Instructions for the task ::
When you reach the line with "Come trovare borse" in the listing below, write out that line and every one after it exactly, and skip the pictures.

Provided data ::
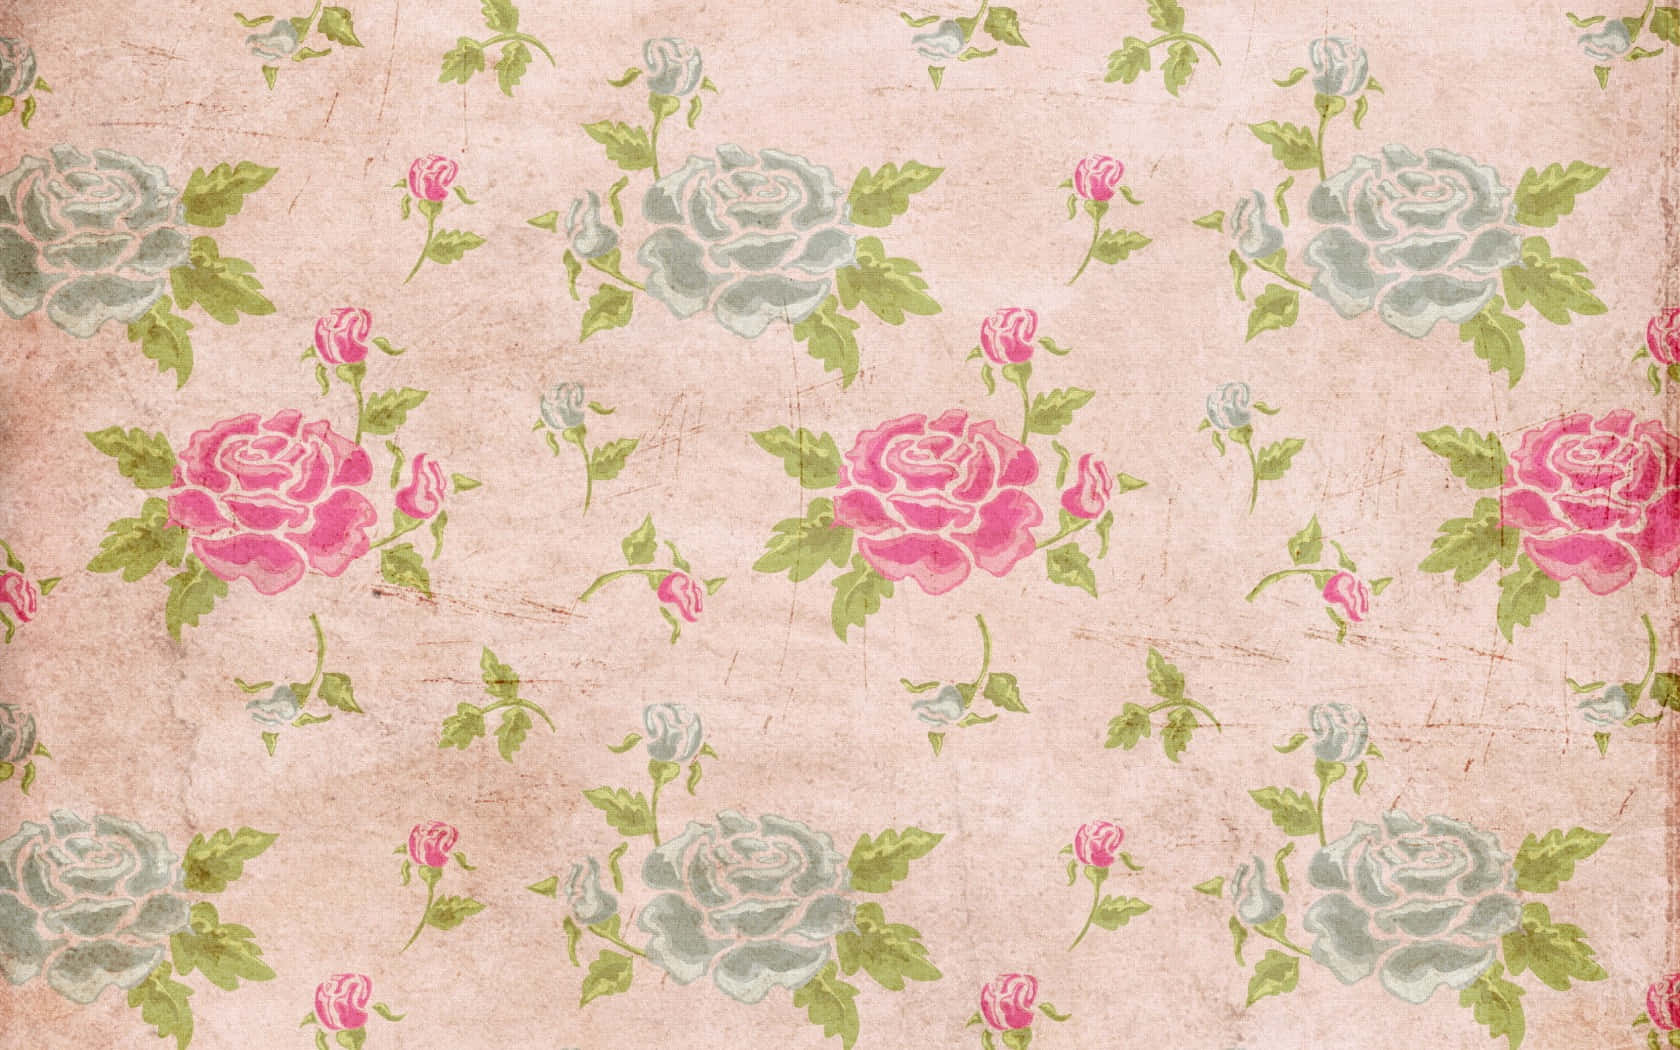 Enjoy the beauty of a handmade quilt Wallpaper
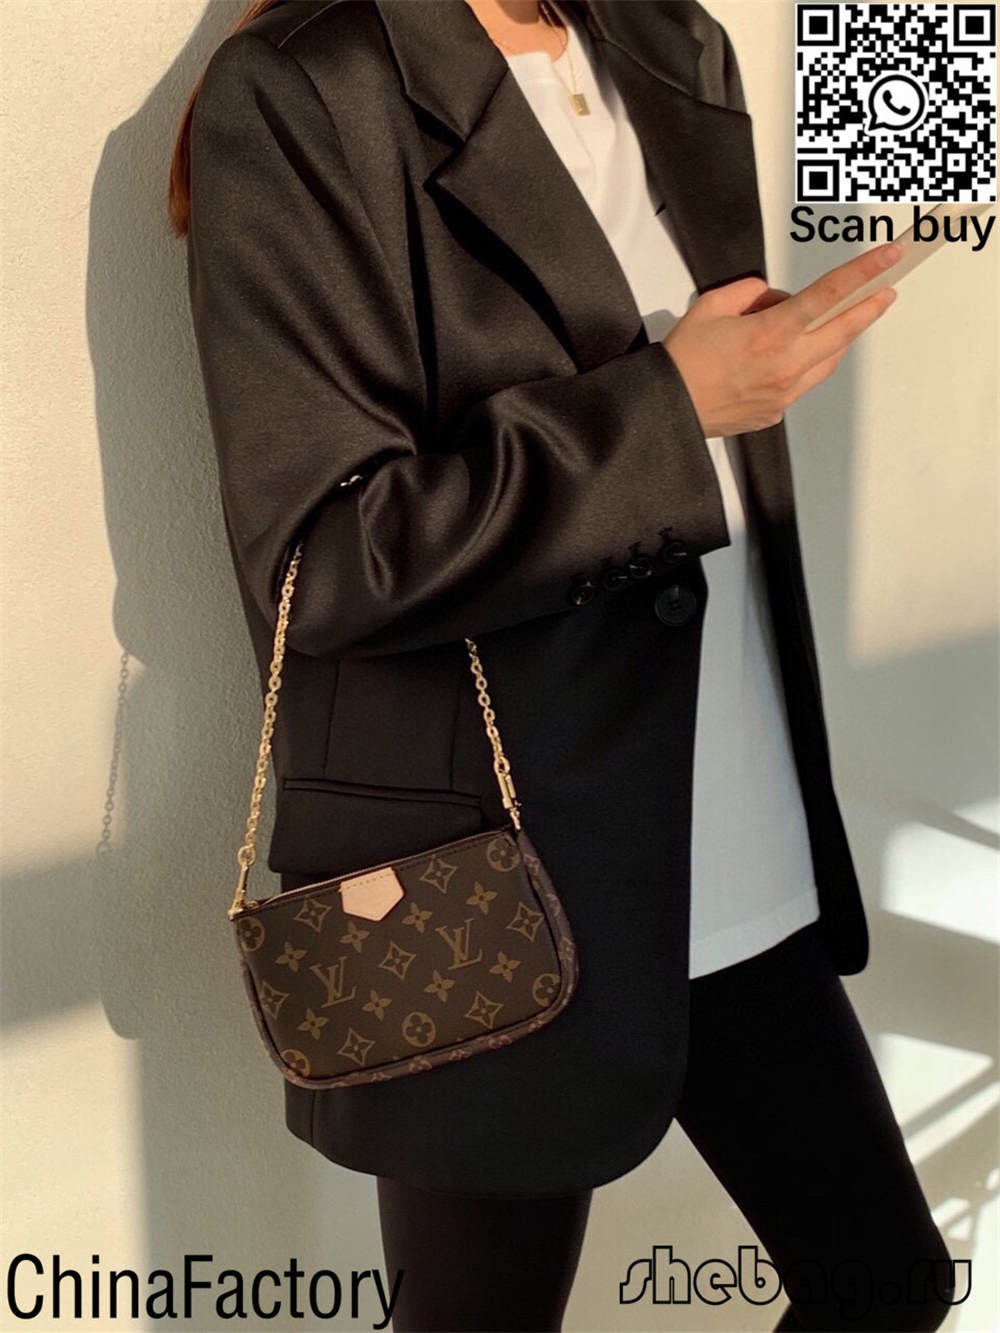 Come trovare borse replica su ebay? (Soluzioni 2022) - Negozio online di borse Louis Vuitton false di migliore qualità, replica designer bag ru
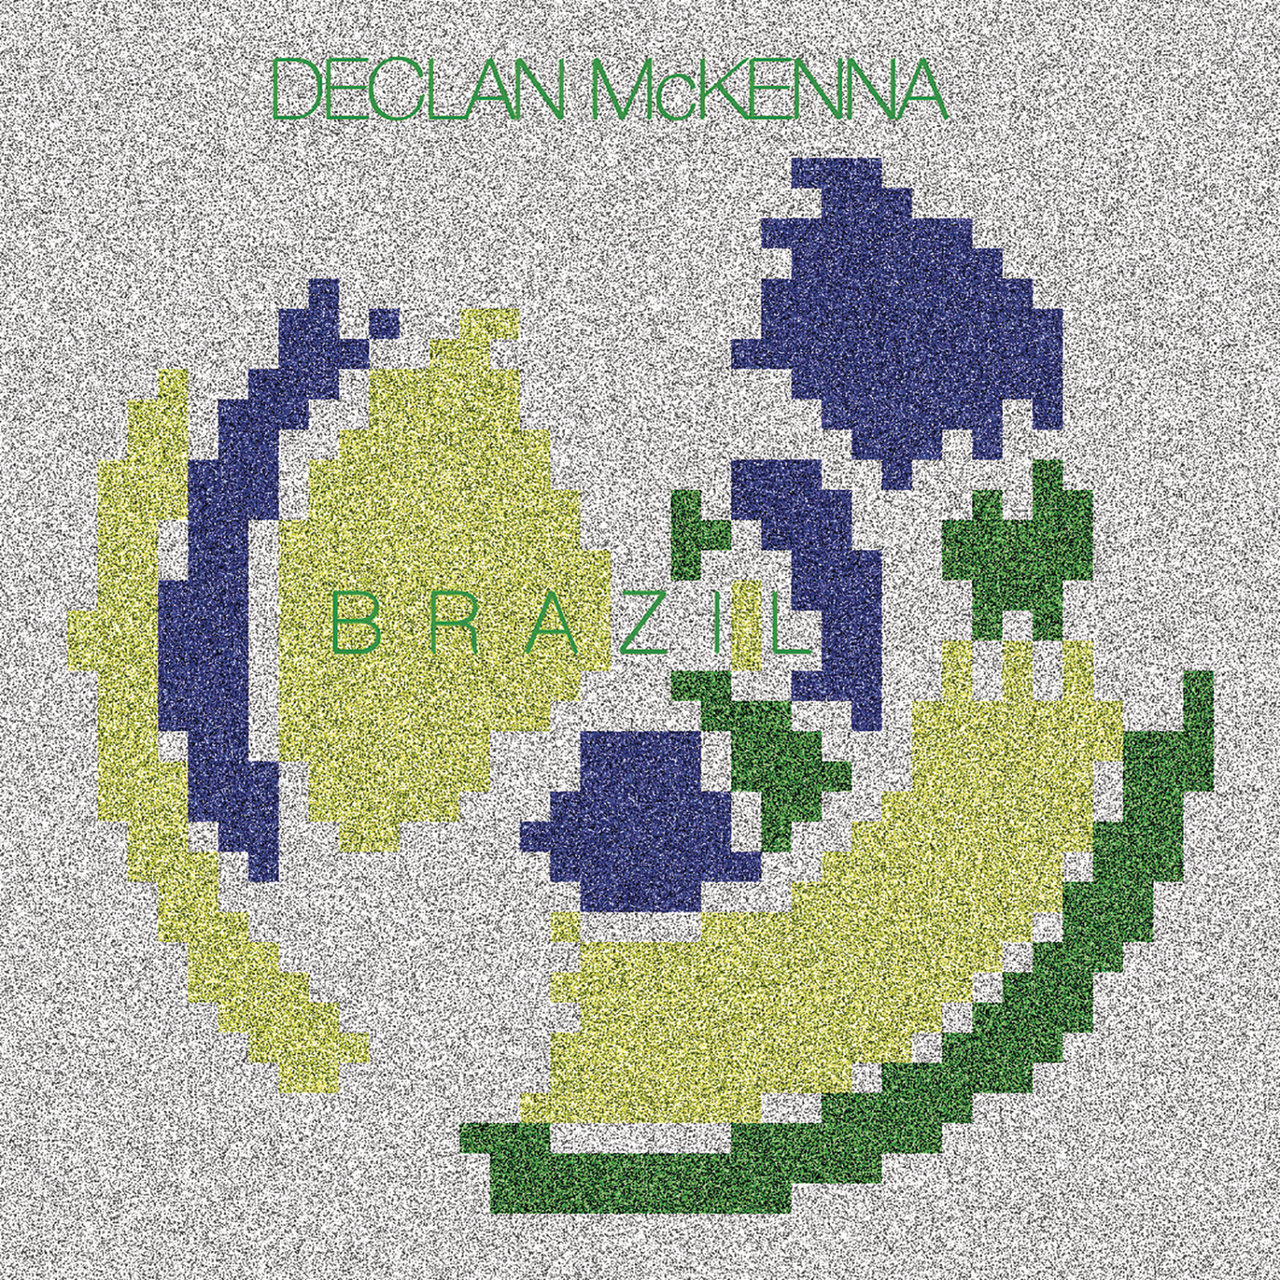 Declan McKenna Brazil cover artwork
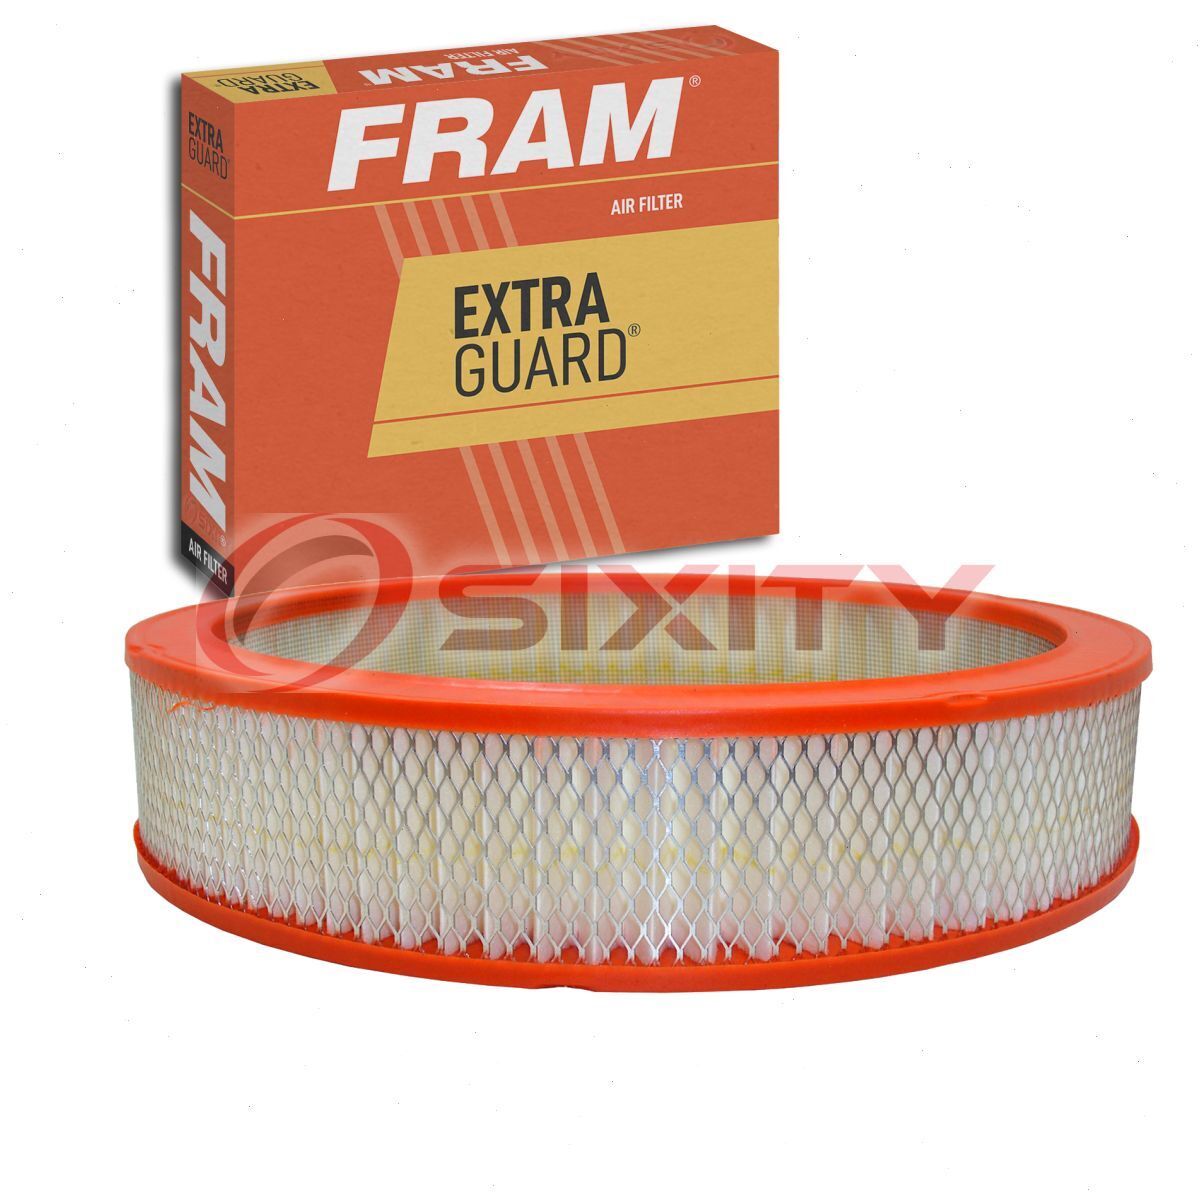 FRAM Extra Guard Air Filter for 1963-1970 Chevrolet Biscayne Intake Inlet jg

Reply to the exercise ::
 Come trovare borse replica su ebay? (Soluzioni 2022) - Negozio online di borse Louis Vuitton false di migliore qualità, replica designer bag ru
 Declan McKenna Brazil cover artwork
 FRAM Extra Guard Air Filter for 1963-1970 Chevrolet Biscayne Intake Inlet jg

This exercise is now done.